======== Supplied data ========
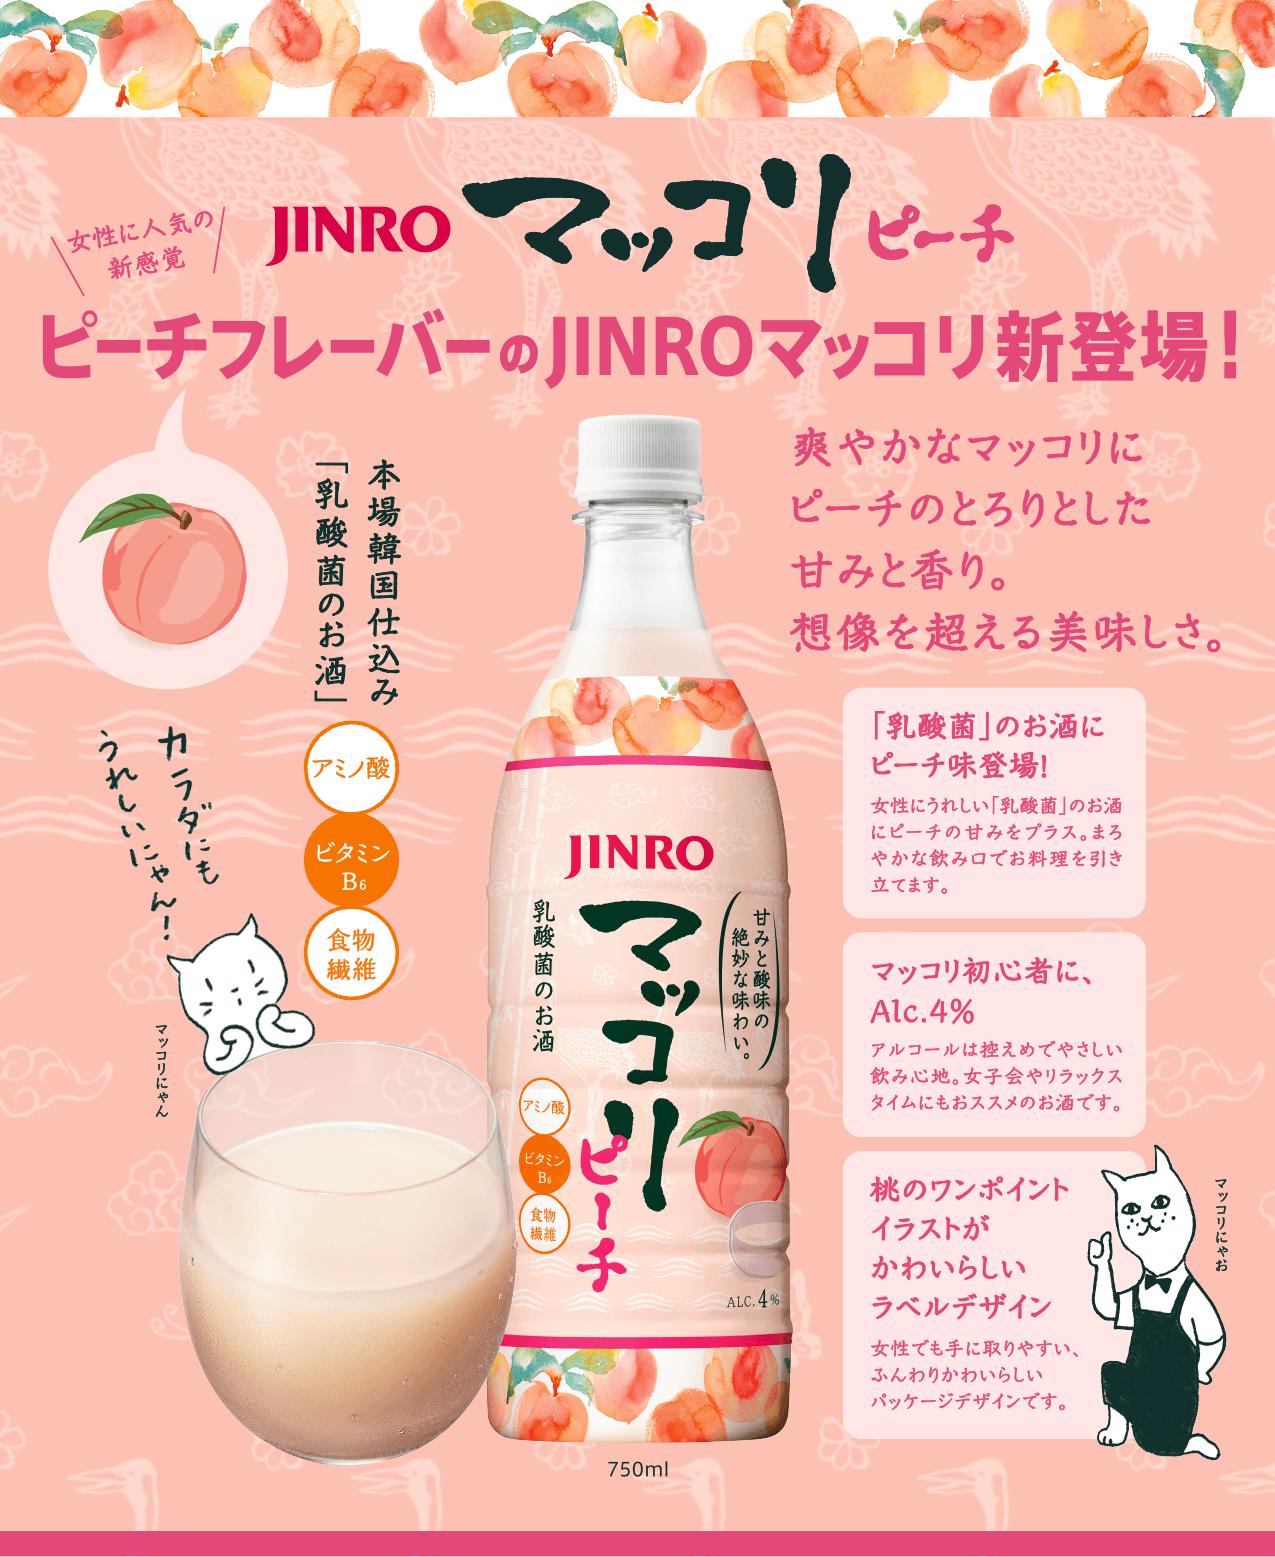 JINRO マッコリ ピーチ ピーチフレーバーのJINROマッコリ新登場!爽やかなマッコリにピーチのとろりとした甘みと香り。想像を超える美味しさ。
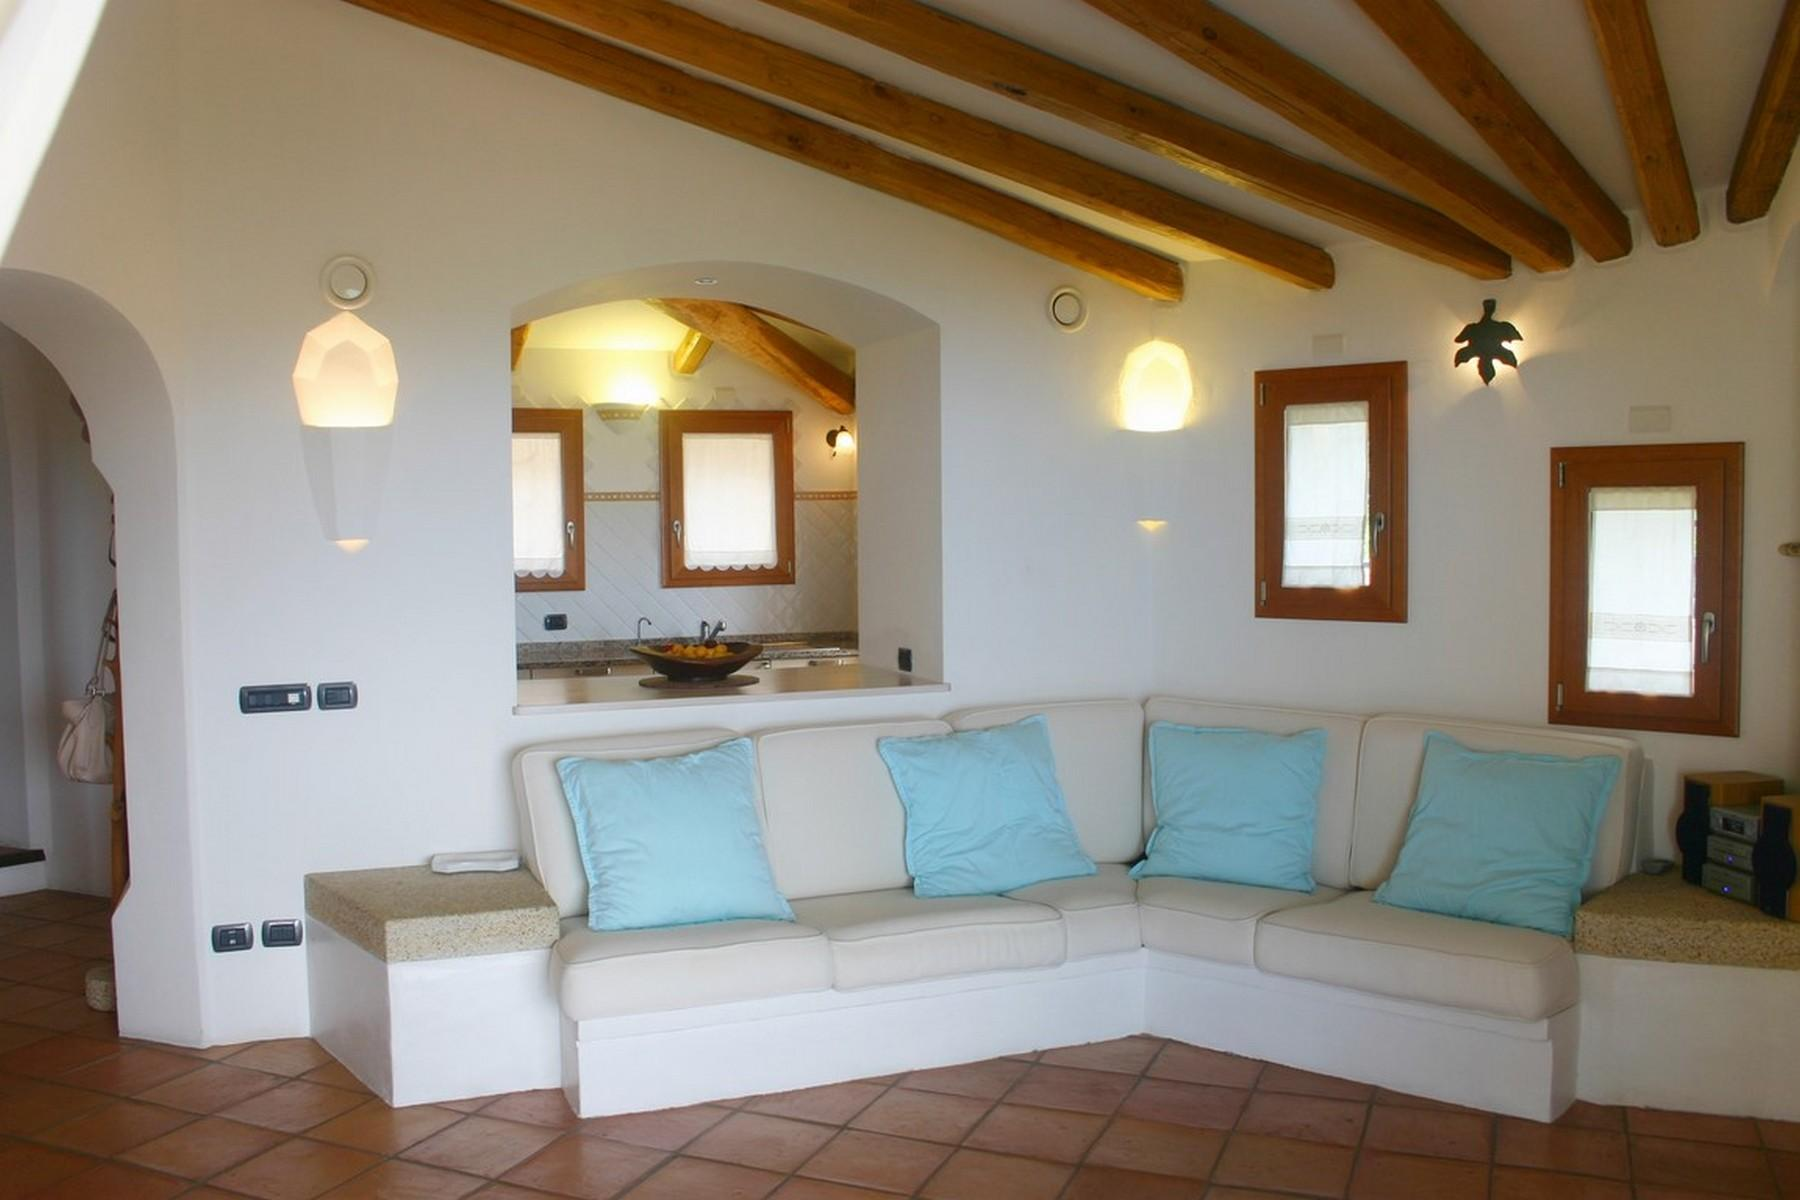 Porto Cervo Abbiadori Splendide villa jumelée avec vue sur le golfe de Pevero - 15
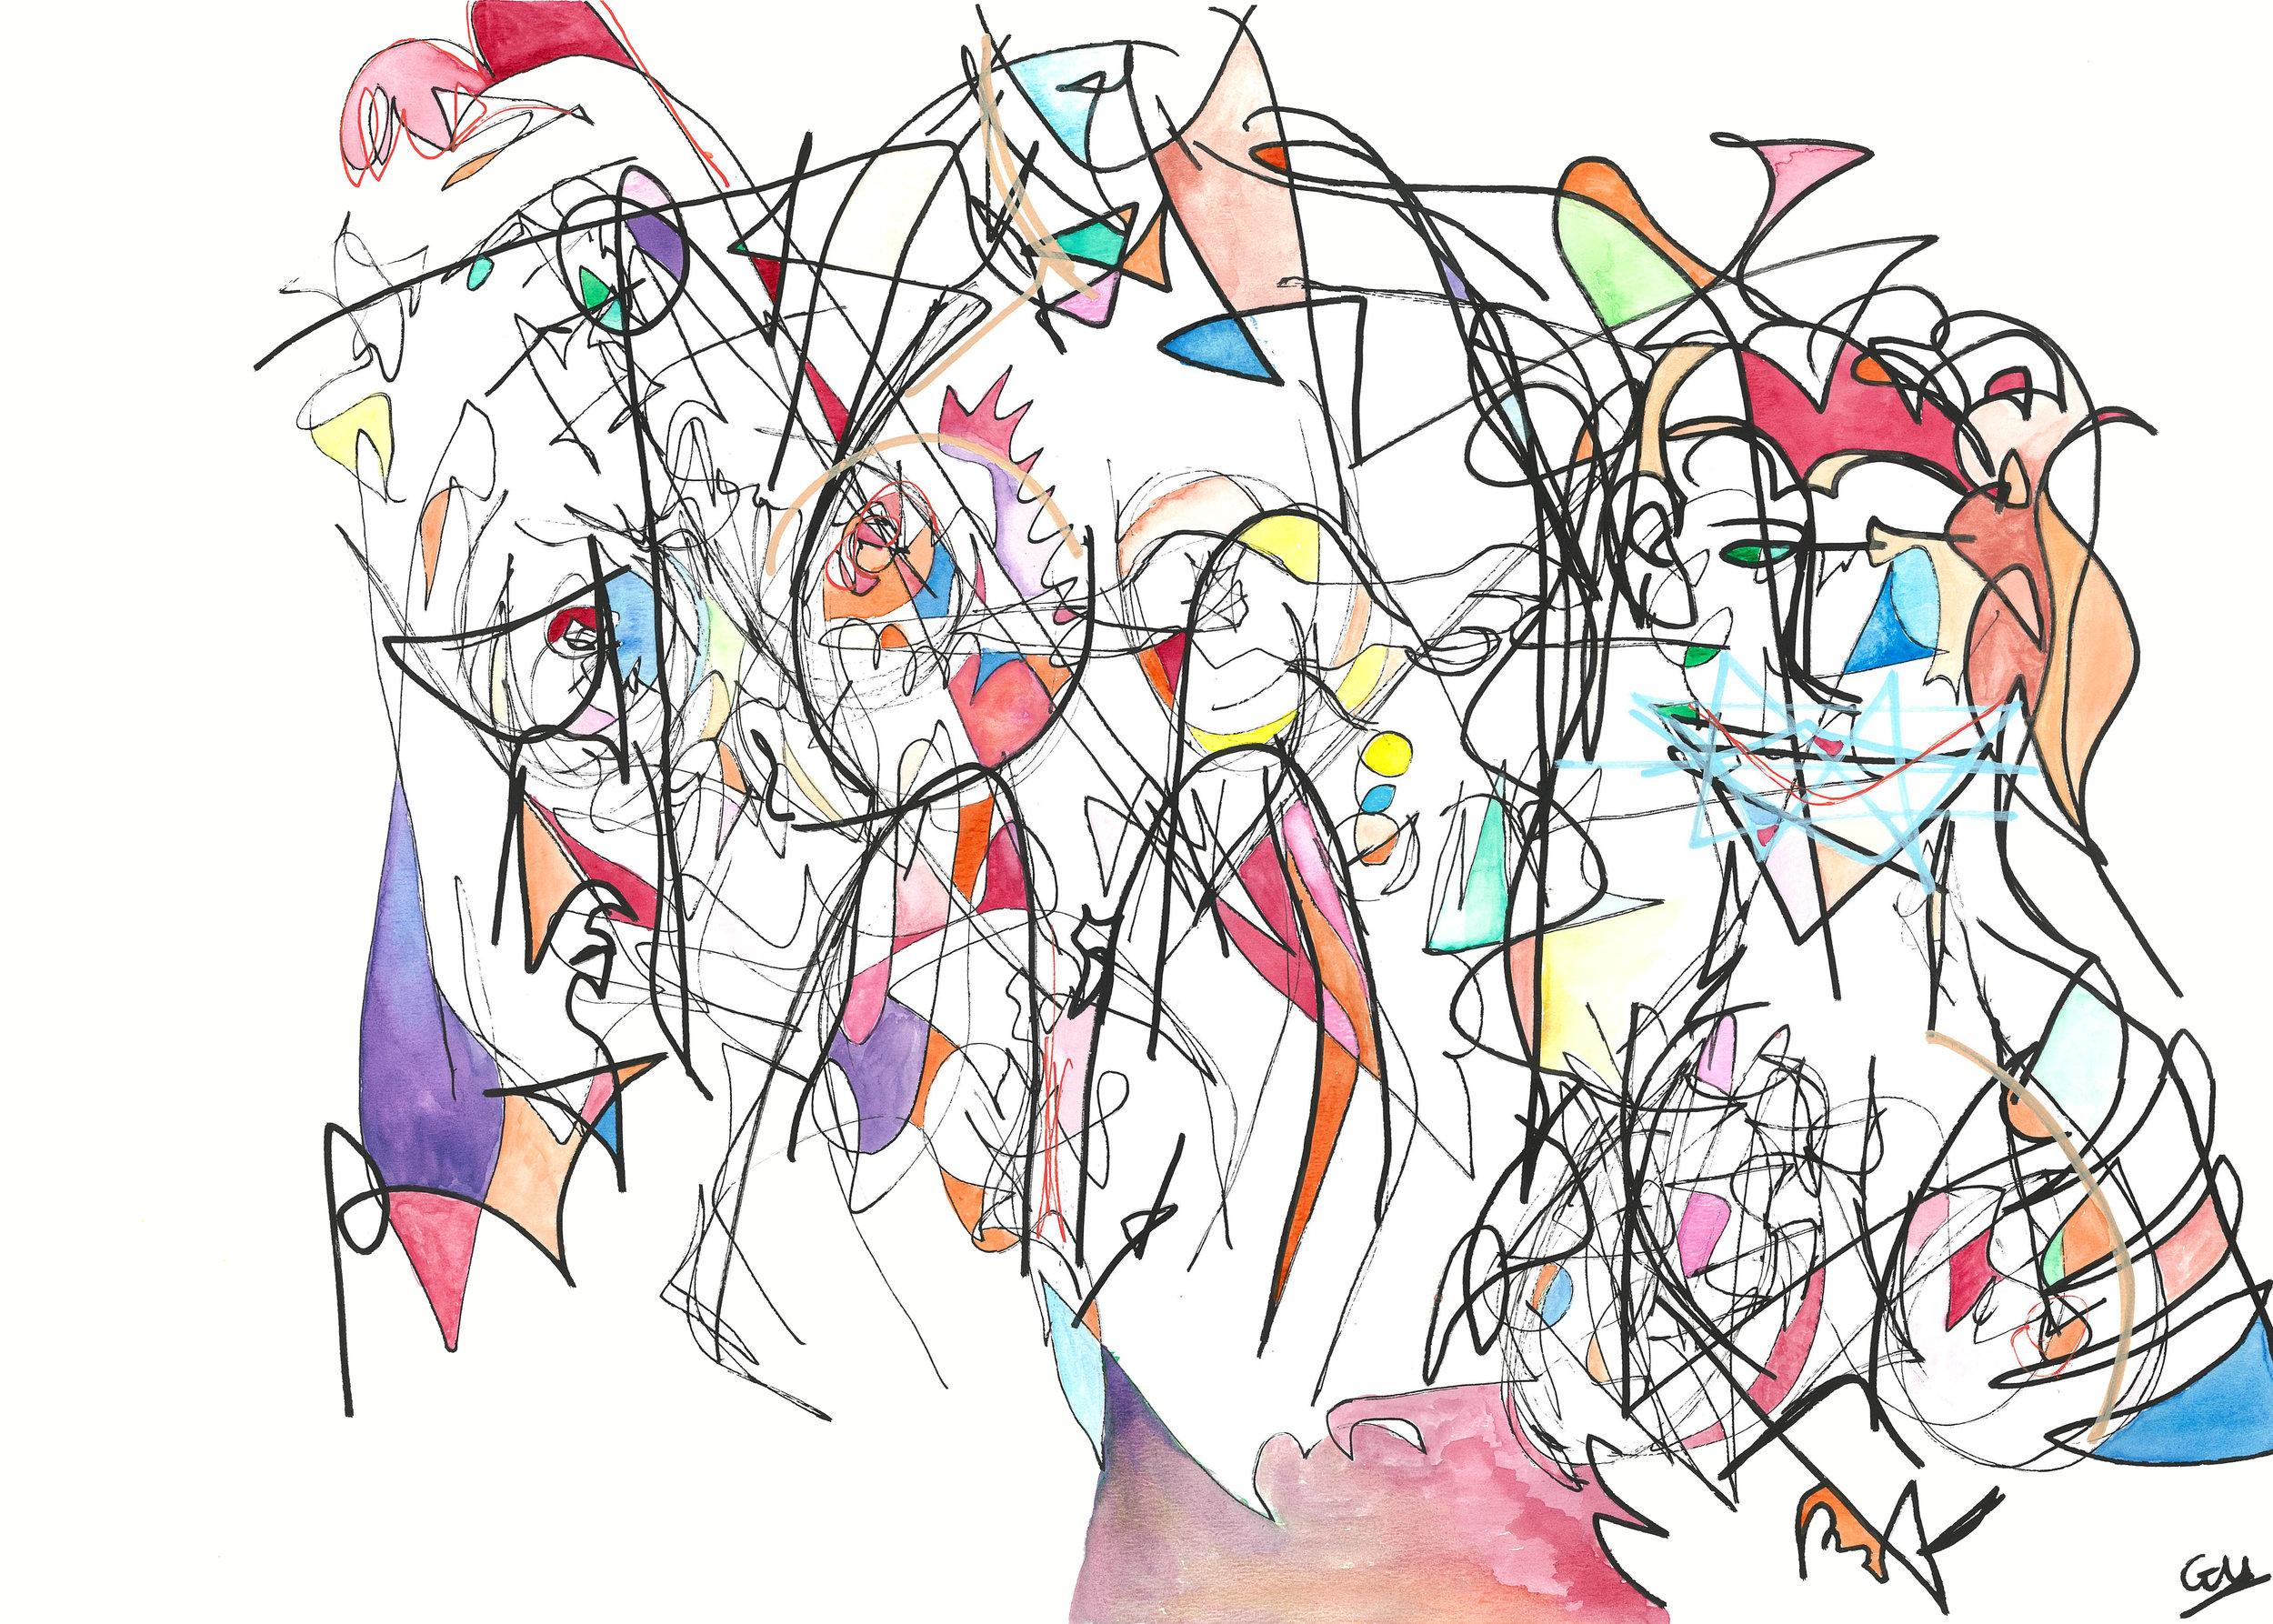 'M' (Watercolour, 20inx30in, 2018)
========
Assigned task: Down to the last line, reproduce the material above exactly; skip its images.

Solution for this problem:
 JINRO マッコリ ピーチ ピーチフレーバーのJINROマッコリ新登場!爽やかなマッコリにピーチのとろりとした甘みと香り。想像を超える美味しさ。
 Porto Cervo Abbiadori Splendide villa jumelée avec vue sur le golfe de Pevero - 15
 'M' (Watercolour, 20inx30in, 2018)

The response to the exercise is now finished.